I have spoken several times in this place about knife crime and what we need to do to stop it. I have been making seven key demands of Government. Some are responsive, such as peripatetic mental health units that would help families and communities deal with the trauma of a violent attack once it has happened, but some are preventive, such as establishing new and trusted reporting systems for young people, so that we can work with young people to stop these tragedies happening.

My demand for proper youth investment is different, because youth services can do both—they can play a role in the prevention of crime as well as providing a comfortable, safe place. Spending time with a youth worker enables children to build up resilience.
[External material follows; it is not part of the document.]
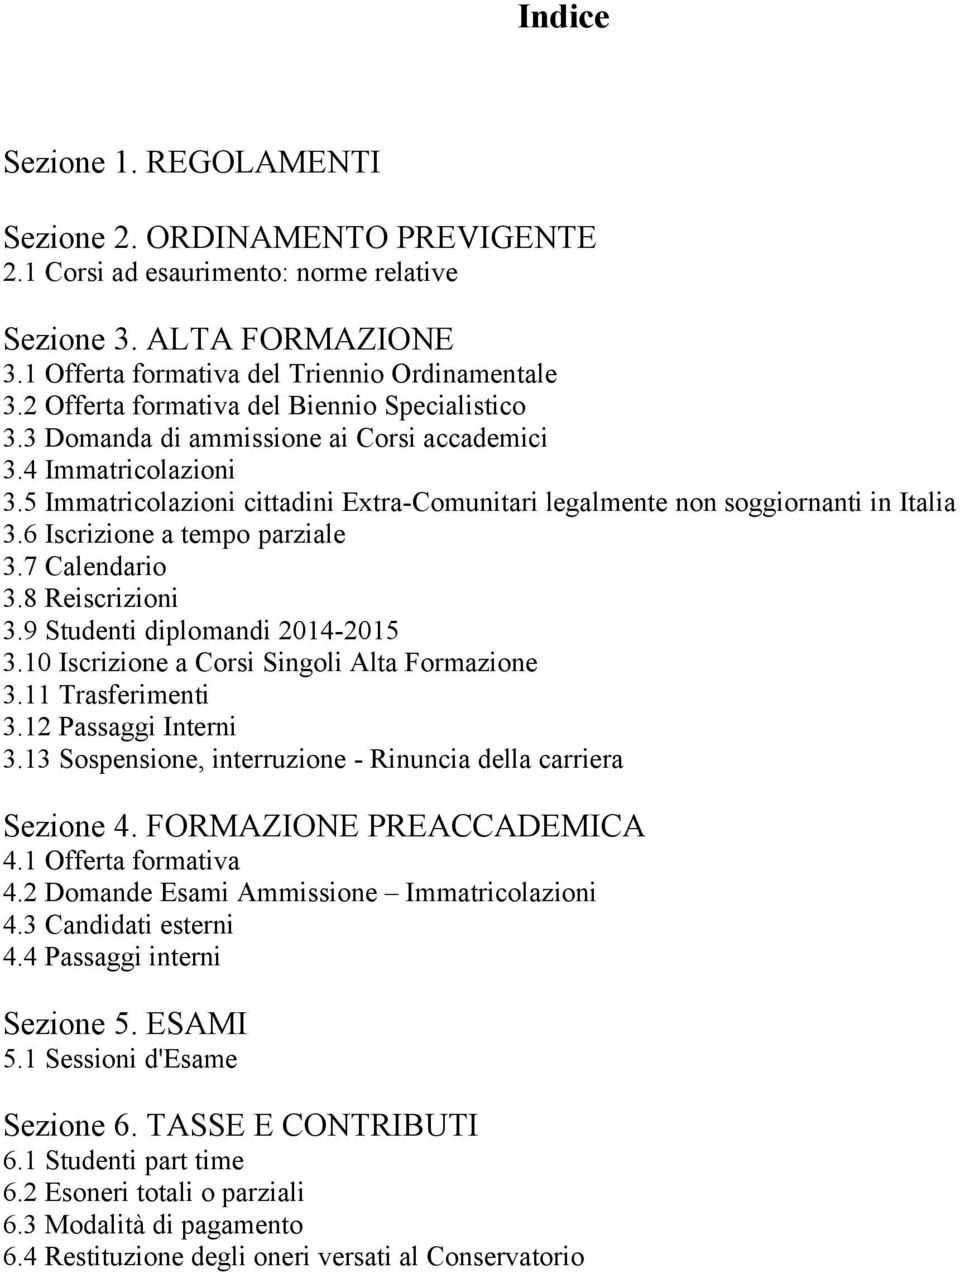 5 Immatricolazioni cittadini Extra-Comunitari legalmente non soggiornanti in Italia 3.6 Iscrizione a tempo parziale 3.7 Calendario 3.8 Reiscrizioni 3.9 Studenti diplomandi 2014-2015 3.

It allows them to test ideas and to develop coping strategies. It allows them to get support, to talk, to share and to question. When they are facing problems, a youth service helps a young person connect with agencies that can help them. Youth services can often broker that and provide trust in those agencies. Alternatively, a youth service can simply give advice from a trusted adult.

Youth services are about so much more than just fixing crime. I remember going to a youth club when I was young. It was at St John’s in north Woolwich. I received validation of my rights as a young person that I did not get from anywhere else. I do not think I would have got the confidence that has eventually led to me being here without that youth service. I want to publicly and belatedly thank Esther Wilson, Anne King, Nick Nicholls and Dave Butcher. I would not have made it without them.

Youth workers provide a really important education to young people. That is not a formal, academic education, but an education in skills that are massively important. For some young people, youth clubs will be the only place where there are older people who they can trust. Those adults can help all young people to learn to interpret the world with their peers and to interact with adults, as well as providing them with role models and safe places for creativity, cultural expression and cultural exploration. They allow young people to develop so many different skills. It is what policy wonks call cultural and social capital—basically, many of the things that middle-class children hopefully take for granted.

Since 2010, we have lost so many excellent youth workers. Across this city, since the 2011-12 financial year, 104 youth centres and projects have permanently closed and a massive 562 youth workers have been put out of a job. That is a tragedy, because it has led to tragedy. That is why I am delighted that the London Borough of Newham is pursuing a huge expansion of youth services. There will be £1.4 million of investment and 33 new full-time roles—potentially the largest ever recruitment of youth workers in the UK. Our young people in Newham have been asking for that. Fortunately, the Labour Mayor and the Labour council have listened to them.

The new services will be up and ready by the end of this year, and I know they will make a huge positive difference. We only need to listen to the testimony of children to understand why. Newham parents whose children spent last summer with youth clubs and council-funded youth services said it was the best summer their children had had. One young man said:

“The youth centre was a place that they offered me support, and the only worker who didn’t judge me, and actually attended all my meetings, was the youth worker. She never gave up on me, even when I gave up on myself.”

Those life-changing and, I suggest, life-preserving experiences need to be available to children across the country. How about the Minister matching the Labour promise of statutory youth services in every single area, so that no child misses out? Once she does that, she must ensure she does not pass the youth service buck without the bucks to match.